Вглядываясь, я узнавал то, что прежде соскальзывало, не задевая воображения. Наматжира показал мне поэзию австралийских степей, какие удивительные краски имеют горы, мимо которых я проезжал, - сиреневые, рыжие, огненно-красные. Он часто изображал на переднем плане эвкалипты. И я вдруг понял странное чувство, которое вызывали их светлые стволы перед наступлением темноты. Привидения - они напоминали привидения, - Наматжира точно уловил этот образ. Фотографически достоверные фигуры эвкалиптов у него представали фантастически-призрачными, что-то человечески трагичное заключалось в изгибах гладко-белых ветвей. Очертания их создавали характеры, вызывая мысли о людских судьбах.
Было ли это в замысле художника? Не знаю. Вроде бы он ни в чем не отступал от подлинности пейзажа, нельзя было уловить малейшую подгонку, условность. Пейзаж был точен и в то же время вызывал определенные чувства. В нем присутствовала незримая добавка личности художника, и этого было достаточно.
Мы удивлялись: как же так получилось - ведь все это мы видели и не замечали этой красоты.

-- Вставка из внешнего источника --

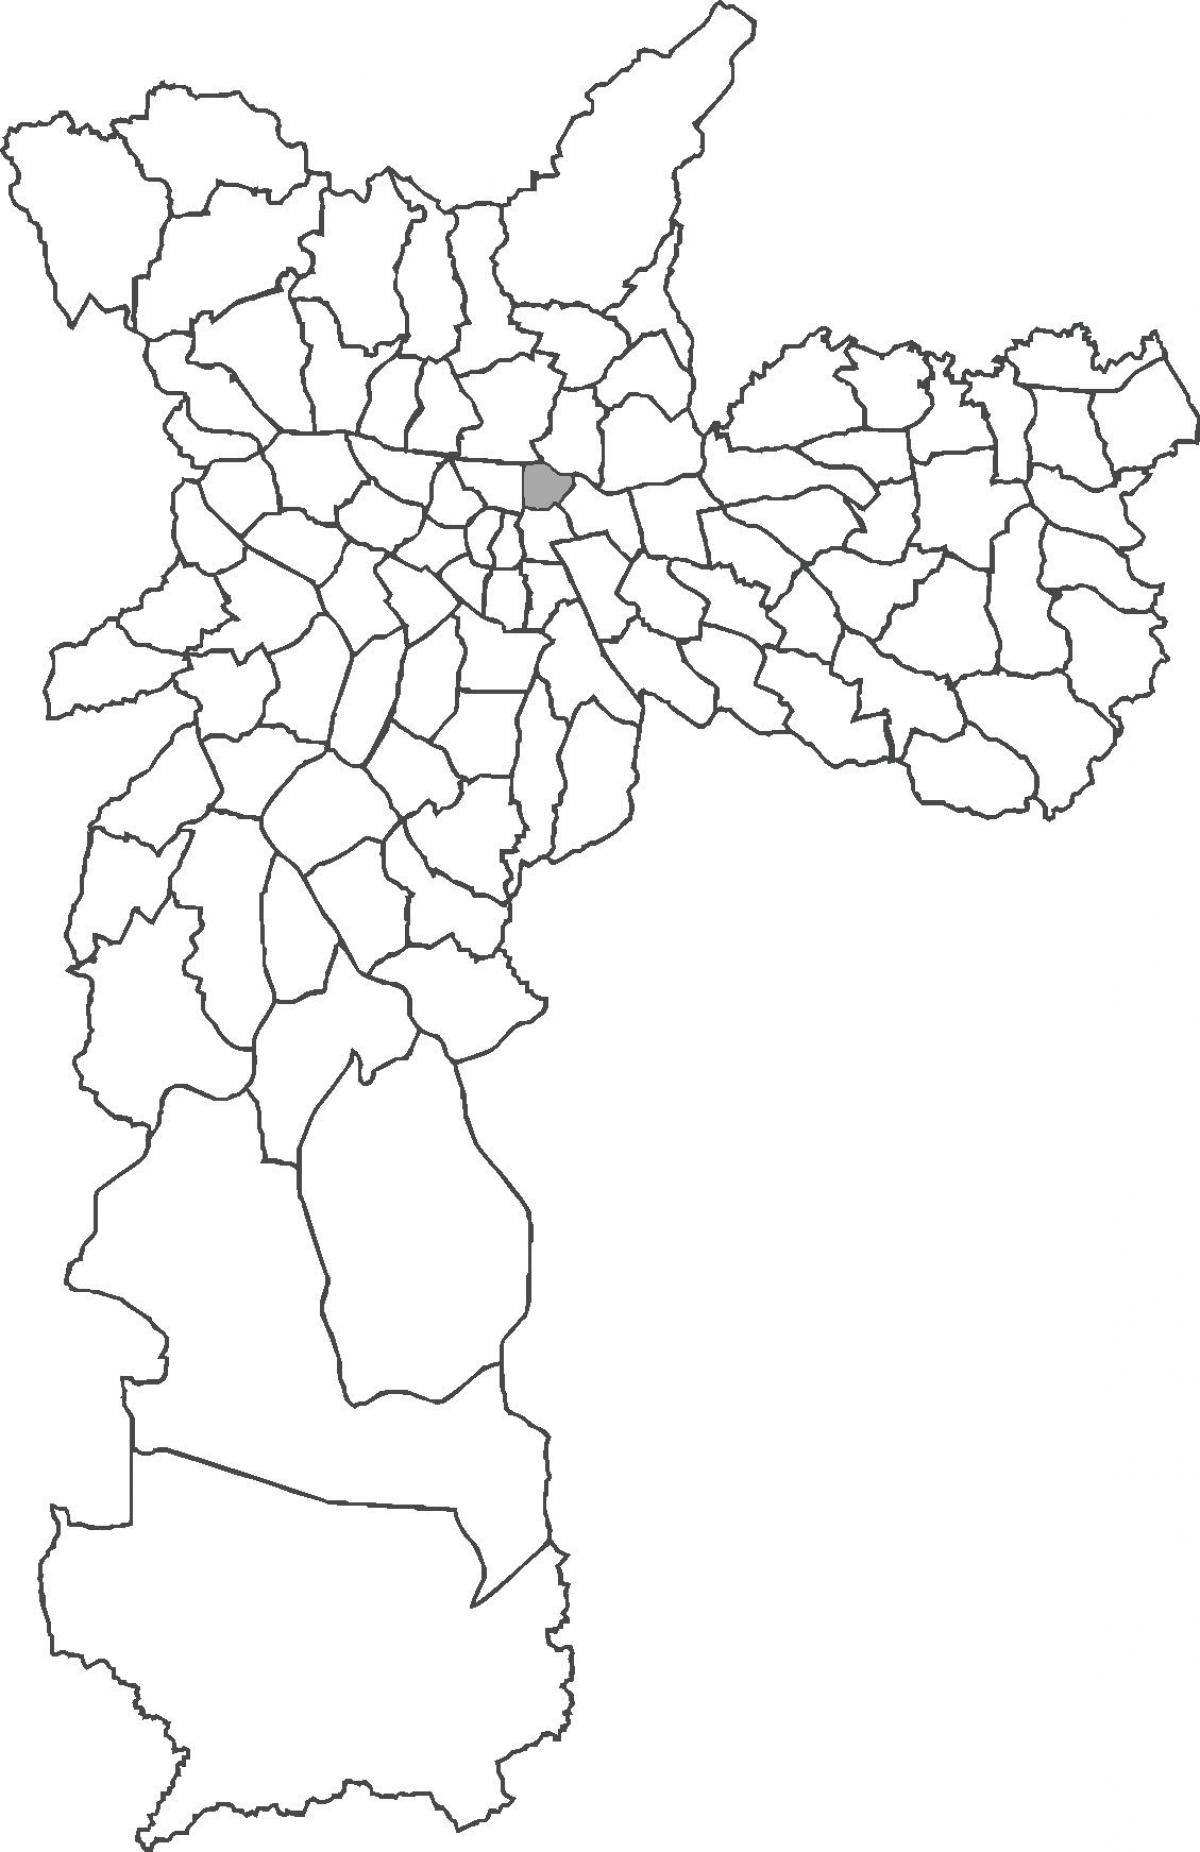 মানচিত্র Pari জেলা

В глазах Рекса Баттерби мы, очевидно, выдержали экзамен, в награду он вынес откуда-то собственного, непродажного Наматжиру - несколько первоклассных картин, грустных, долины в лилово-серых тонах и лиловато-серые горы, запыленные кусты, пересохшие русла.
Родственники Наматжиры, сыновья его продолжают рисовать в манере отца, картины их пользуются спросом, сам Рекс считает некоторых из них не менее талантливыми, чем Наматжира, их работы висели тут же в зале, во для меня они были примечательны прежде всего доказательством художественной одаренности аборигенов. Никаких училищ, академий, - они увидели, как рисует Наматжира, увидели, что за картины платят деньги, и немалые, а чем мы хуже? - и начали рисовать. И выяснилось, что не так уж хуже, их сейчас пятнадцать-двадцать художников из племени аранда.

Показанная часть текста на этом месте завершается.